Hope, Humour, Inspiration, Love

your name is a queen (elizabeth shares a lesson on labelling)

Let it go (it doesn’t matter if they know you or not) is one of MyAlzheimersstory.com’s most shared pieces. When I posted it on Facebook in January 2020, long-time follower Elizabeth Dunbar shared this delightful story:

My dad knew my essence until his last breath. Labeling and putting people in boxes and pigeon holes is a human convention. Other animals recognize each other without knowing relationships or each other’s history. They just accept.

So whether Dad knew my name or my relationship to him or not didn’t matter to me. I remember going away for a few days about a year before he died. When I returned, I bounced into his room as always. He looked quizzical. I realized he didn’t totally remember me, and I gave him permission to do that.

“I know you’re not feeling well enough these days to totally remember me,” I said. “Is it ok to give you a hint?”

He nodded his assent.

“Well I’m the daughter. One of two children you had. I’m the one that talks a lot!” I joked.

He threw his head back and laughed with tears in his eyes.

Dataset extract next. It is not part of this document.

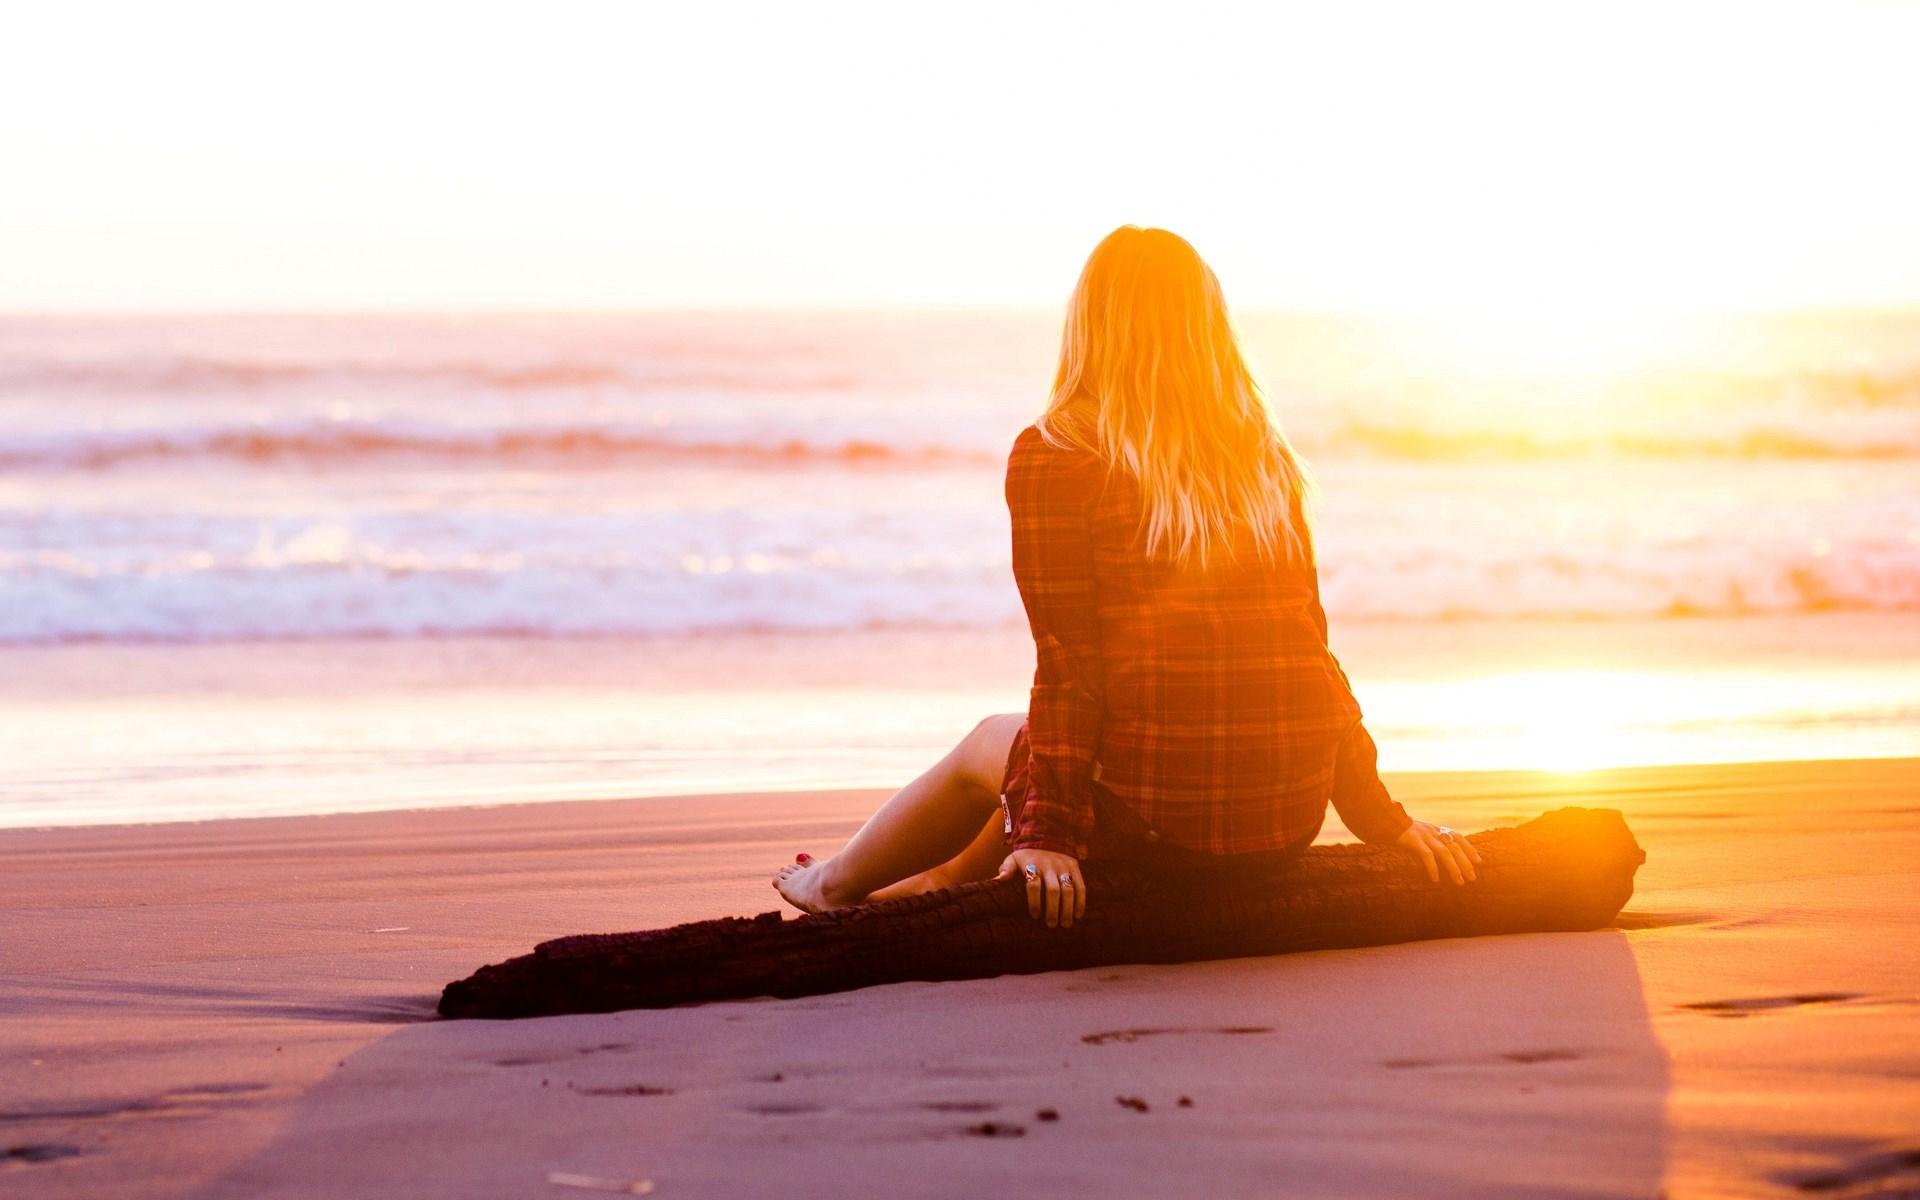 Mood Girl Blonde Sitting Dreams Sand Beach Summer Sea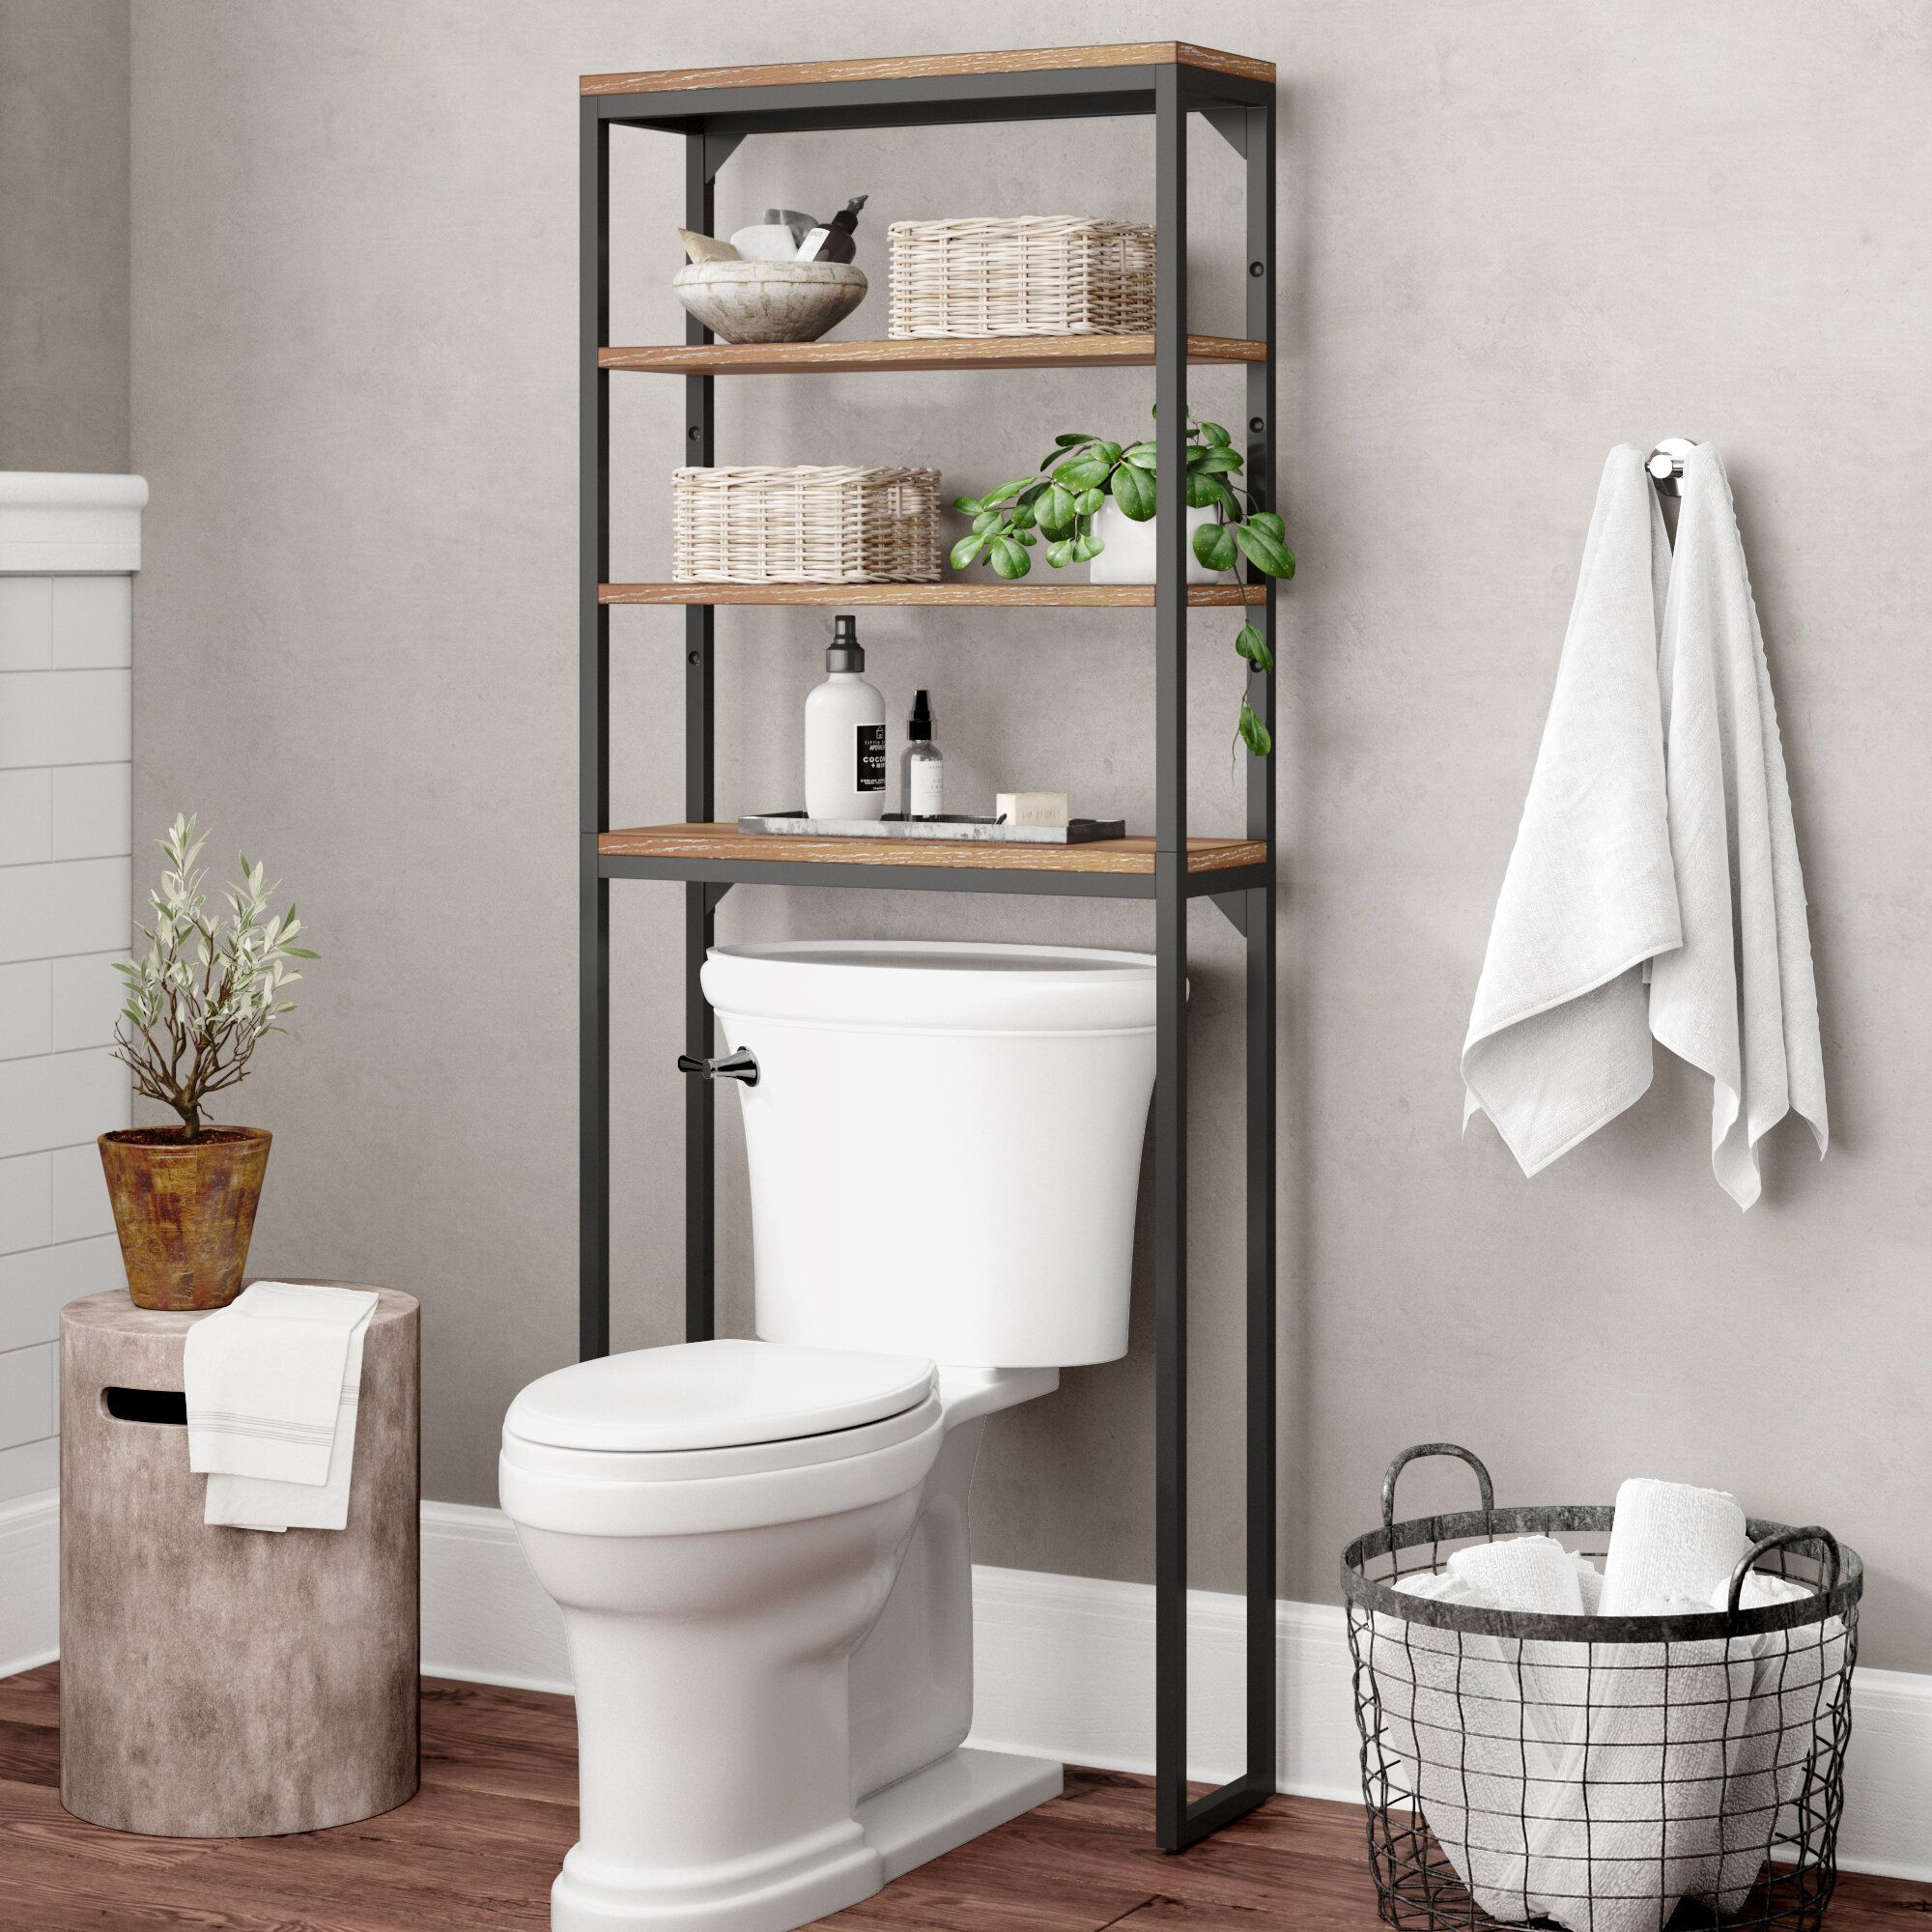 26 Contemporary Bathroom Storage Over Toilet Ceplukan Toilet Storage Small Bathroom Decor Toilet Shelves

”Your name: it’s a Queen,” he said.

“Yes, that’s right,” I said. “I’m Elizabeth. Queen Elizabeth.”

We both laughed.

This was a simple conversation we had many times after that. Sometimes I think he was lucid and pulling one over on me, because that would be him. I always treated him like he was my dad, and let him know that any forgetting was simply okay.

I love this story. It’s so hopeful and helpful, and speaks to the power of playfulness and going with the flow. Thank you so much Queen Elizabeth Dunbar.

it doesn’t matter if they know you or not

20 great questions to ask when a loved one with dementia doesn’t recognize you anymore

how often do we fail to recognize them?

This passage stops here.